Re: merge mapred to trunk

2005-09-15 Thread Doug Cutting
I will postpone the merge of the mapred branch into trunk until I have a 
chance to (a) add some MapReduce documentation; and (b) implement 
MapReduce-based dedup.


Doug

Doug Cutting wrote:
Currently we have three versions of nutch: trunk, 0.7 and mapred.  This 
increases the chances for conflicts.  I would thus like to merge the 
mapred branch into trunk soon.  The soonest I could actually start this 
is next week.  Are there any objections?


Doug


Re: merge mapred to trunk

2005-08-31 Thread Kelvin Tan


On Wed, 31 Aug 2005 14:37:54 -0700, Doug Cutting wrote:
>[EMAIL PROTECTED] wrote:
>> I, too, am looking forward to this, but I am wondering what that
>> will do to Kelvin Tan's recent contribution, especially since I
>> saw that both MapReduce and Kelvin's code change how
>> FetchListEntry works.  If merging mapred to trunk means losing
>> Kelvin's changes, then I suggest one of Nutch developers
>> evaluates Kelvin's modifications and, if they are good, commits
>> them to trunk, and then makes the final pre-mapred release (e.g.
>> release-0.8).
>>
>
> It won't lose Kelvin's patch: it will still be a patch to 0.7.
>
> What I worry about is the alternate scenario: that Kelvin & others
> invest a lot of effort making this work with 0.7, while the mapred-
> based code diverges even further.  It would be best if Kelvin's
> patch is ported to the mapred branch sooner rather than later, then
> maintained there.
>
> Doug

Agreed. I have some time in the coming weeks, and will work fulltime to evolve 
the patch to be more compatible with Nutch especially map-red..

k



Re: merge mapred to trunk

2005-08-31 Thread ogjunk-nutch
--- Doug Cutting <[EMAIL PROTECTED]> wrote:

> [EMAIL PROTECTED] wrote:
> > I, too, am looking forward to this, but I am wondering what that
> will
> > do to Kelvin Tan's recent contribution, especially since I saw that
> > both MapReduce and Kelvin's code change how FetchListEntry works. 
> If
> > merging mapred to trunk means losing Kelvin's changes, then I
> suggest
> > one of Nutch developers evaluates Kelvin's modifications and, if
> they
> > are good, commits them to trunk, and then makes the final
> pre-mapred
> > release (e.g. release-0.8).
> 
> It won't lose Kelvin's patch: it will still be a patch to 0.7.

Ah, right, we could always make a 0.7.* release from release 0.7.

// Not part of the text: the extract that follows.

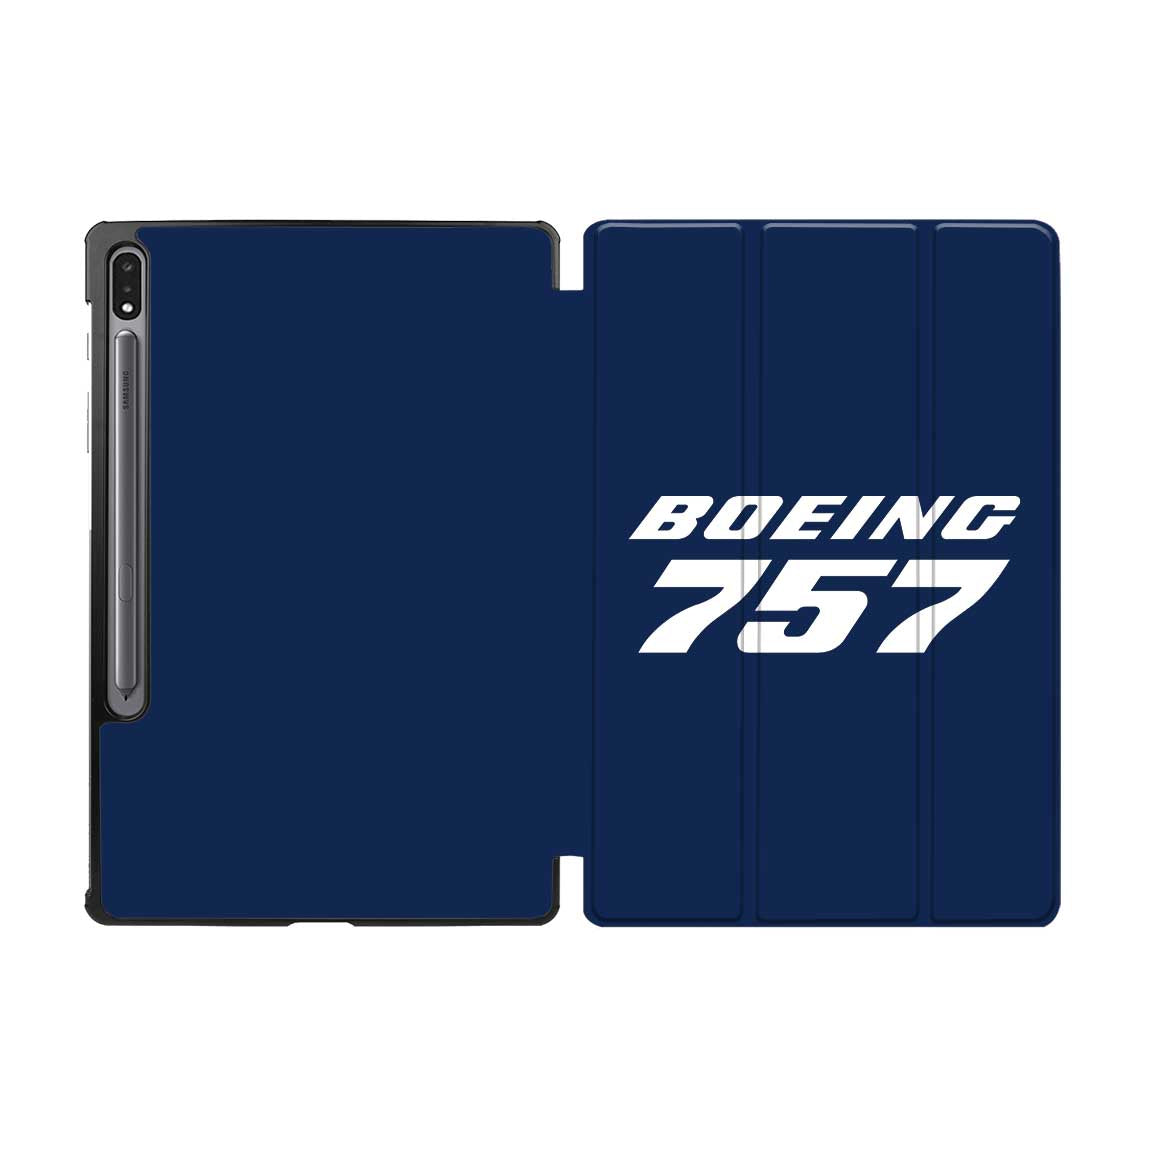 Boeing 757 & Text Designed Samsung Tablet Cases

> What I worry about is the alternate scenario: that Kelvin & others 
> invest a lot of effort making this work with 0.7, while the
> mapred-based 
> code diverges even further.  It would be best if Kelvin's patch is 
> ported to the mapred branch sooner rather than later, then maintained
> there.

I agree.  I'll actually see Kelvin in person tomorrow, so we'll see if
this is something he can do.  It looks like he added some much-needed
functionality in his patch, so it'd good to keep it.

Otis

. . . . . . . . . . . . . . . . . . . . . . . . . . . . . .
Simpy -- http://www.simpy.com/ -- Find it. Tag it. Share it.


Re: merge mapred to trunk

2005-08-31 Thread Doug Cutting

[EMAIL PROTECTED] wrote:

I, too, am looking forward to this, but I am wondering what that will
do to Kelvin Tan's recent contribution, especially since I saw that
both MapReduce and Kelvin's code change how FetchListEntry works.  If
merging mapred to trunk means losing Kelvin's changes, then I suggest
one of Nutch developers evaluates Kelvin's modifications and, if they
are good, commits them to trunk, and then makes the final pre-mapred
release (e.g. release-0.8).


It won't lose Kelvin's patch: it will still be a patch to 0.7.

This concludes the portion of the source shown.